The production and recycling of plastic is heavy on the environment. I am not talking about plastic in general but single-use plastic. Plastic is a very useful product for all sorts of applications.

But it is not just the production and recycling that is heavy on the environment. I just learnt that plastic waste releases greenhouse gases whilst decomposing. So those of you who think plastic and climate change are separate things are wrong!

And that is just about the greenhouse gas effect, let’s not forget the horrible sights of waste on beaches and all animals suffering from plastic that has ended up in their habitats.

The good news is that reducing our consumption of plastic (especially single use) is something we can all do, and I am about to prove that to you.

You may remember one of my first blogposts, a snapshot of all our household waste that I had measured in September 2017.

Well, I did it again. I held on to all of our waste for an entire month. I wanted to measure the impact of our efforts. We haven’t finished yet. There is still so much more to do, but I wanted to know where we stand at this moment.

Again, I didn’t keep all waste. For instance, I didn’t hold on to food leftovers, Q-tips, kitchen towel, tissues and well… toilet paper.


Furthermore, this is just a snapshot, rather than an average. Different seasons produce different waste and sometimes you go through unusual circumstances such as exam periods, lots of work in the office, preparing for holidays and renovations. These periods can come with more waste, just because, for instance, buying ready meals is more convenient than having to cook for yourself!

While I was collecting waste and saw this amount of plastic growing every day, I didn’t expect the impact of our efforts to be as big as they were.

If you want to know what exactly we did and you don’t want to read all the blogposts again, there is a bullet point list of things you can do at the end of this blogpost.

OK, here we go:


2017 kg/month
2019 kg/month
Difference in percentage




Cardboard and paper
9.28
2.2
-76.29
of which unsolicited mail
3.1
0
-100.00
plastic
3.7
0.8
-78.38
food packaging
1.6
0.5
-68.75
bottles
2.1
0
-100.00
drink cartons
0.7
0.39
-44.29
Cans
2.8
0.09
-96.79
coffee pods
0.34
0
-100.00
Other
0.3
0.5
66.67
Total
17.12
3.98
-76.75

This time, all of our unrecyclable waste of one month fitted into one (1!) 45 gram bin bag. That is 540 grams/year (12 bin bags) instead of 2,340 grams (52 bin bags).

So this is the result of what exactly?

·         Food leftovers are kept out of the bin and are being composted;
·         We have tackled and will keep tackling all unsolicited mail;
·       We don’t buy bottled water anymore. We filter tap water with carbon sticks and we bought a soda stream for soda water;
·         We don’t buy fruit and vegetables in plastic anymore; meat and fish remain a challenge;
·       We squeeze our own fruit juice and fill our own glass bottles at the milk truck every week. In January the truck didn’t show up.

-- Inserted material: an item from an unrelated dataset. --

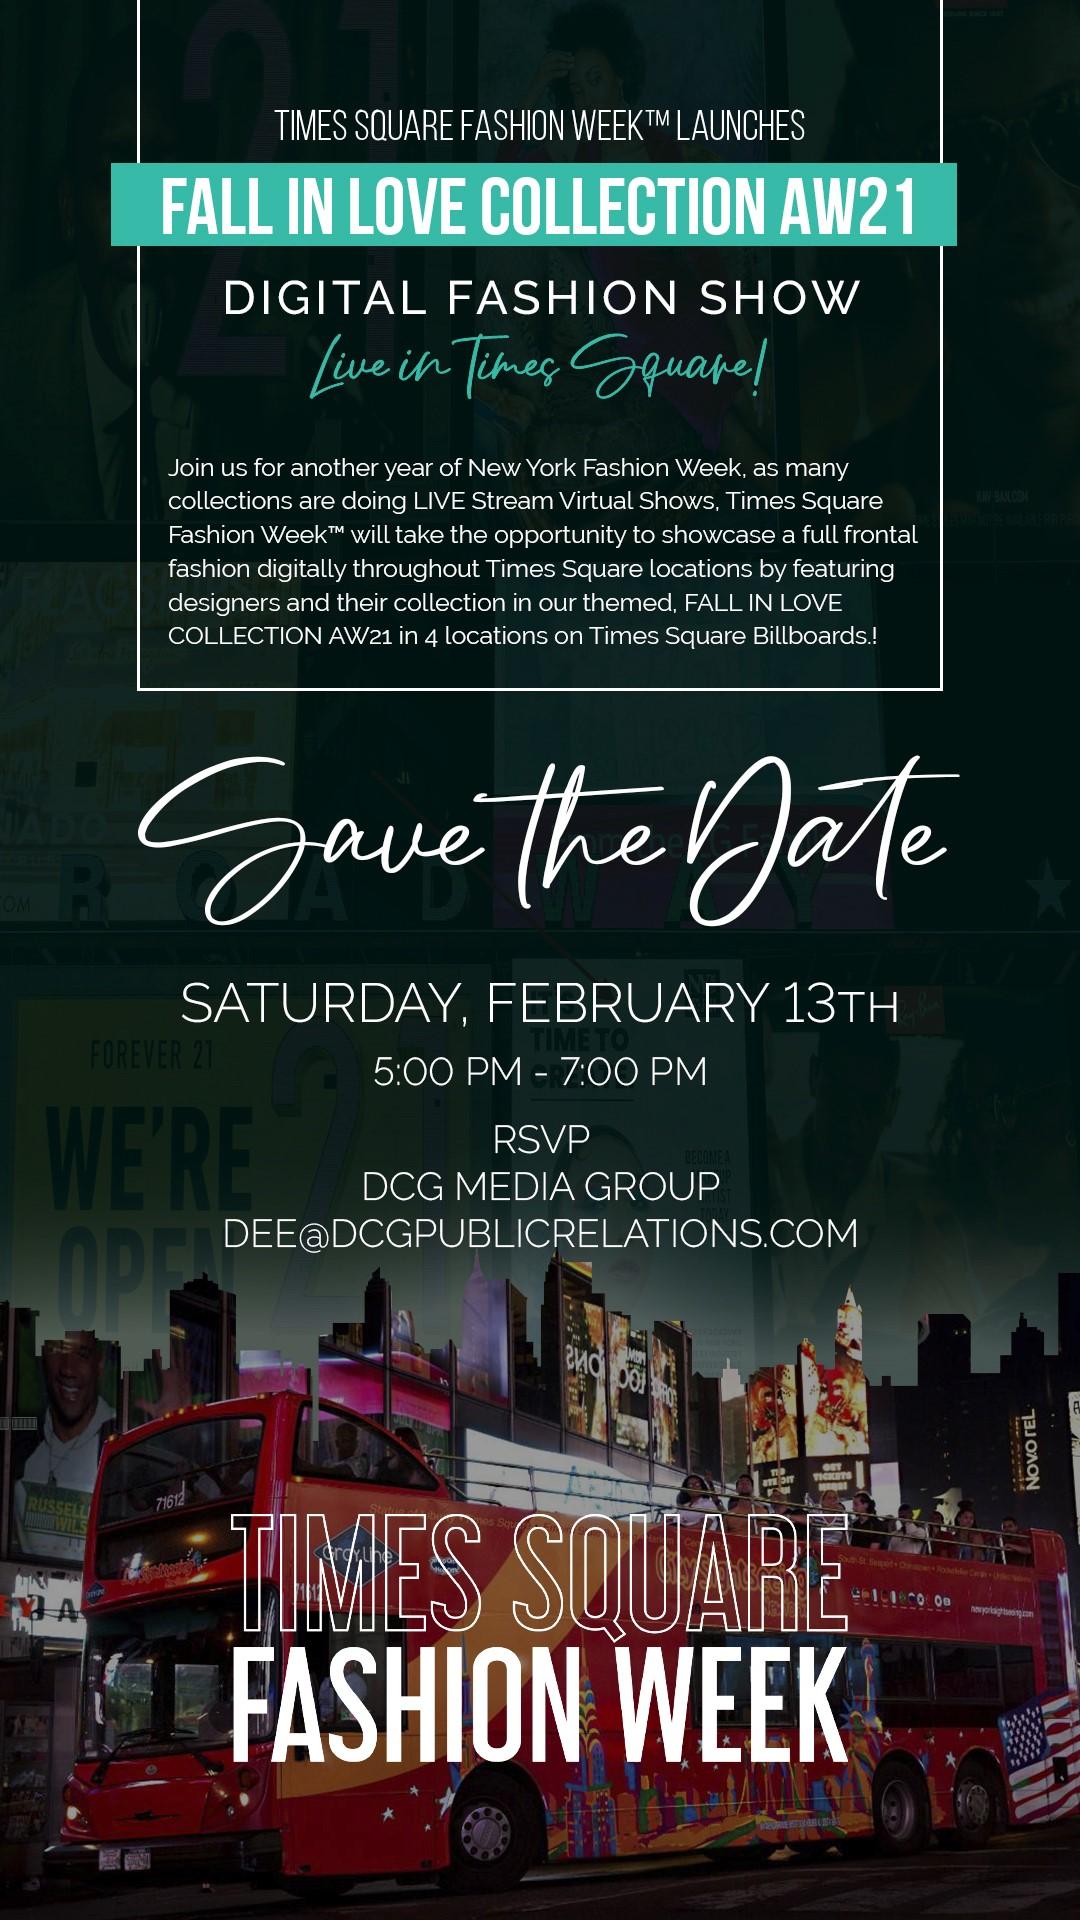 Lights! Camera! Times Square Fashion Week kicks off a Digital Fashion Experience on a NYC Double Decker Bus!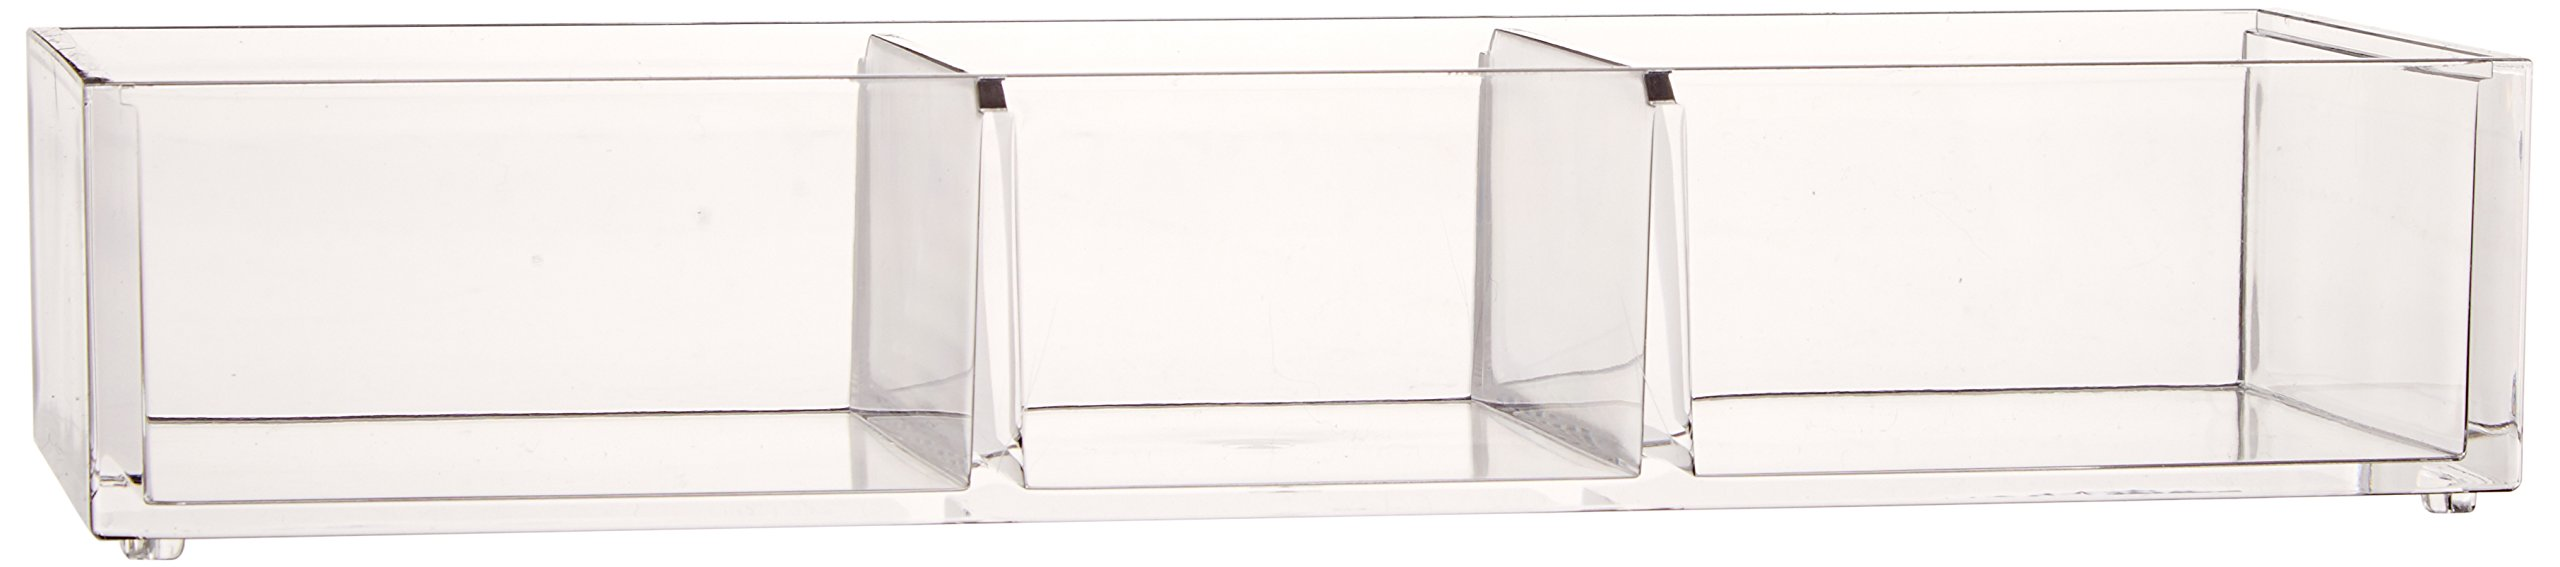 Danielle Enterprises Acrylic Base Compartment Organizer, Clear

That’s why there were still some drink cartons in the statistics. I am looking for a second milk provider;
·         We stopped using coffee pods, at home and in the office (just me);
·       We don’t buy beer cans anymore. We buy beer in glass bottles and take the empties back to the shop.


The two cans in the January statistics are cans I found on my doorstep. They were in fact not ours. I also used 2 cans of corn, which I normally buy in a glass jar, but they were not available when I needed them. Well, I say “needed”. We mostly only think we “need” stuff. Very often this  is actually just “want now”. I could have made something else instead.

So step by step, over a period of 16 months, we have managed to reduce our waste by more than 75%.

And there is still so much more that we can do. I am being fed ideas by people who read my blog - thanks for that! You know who you are.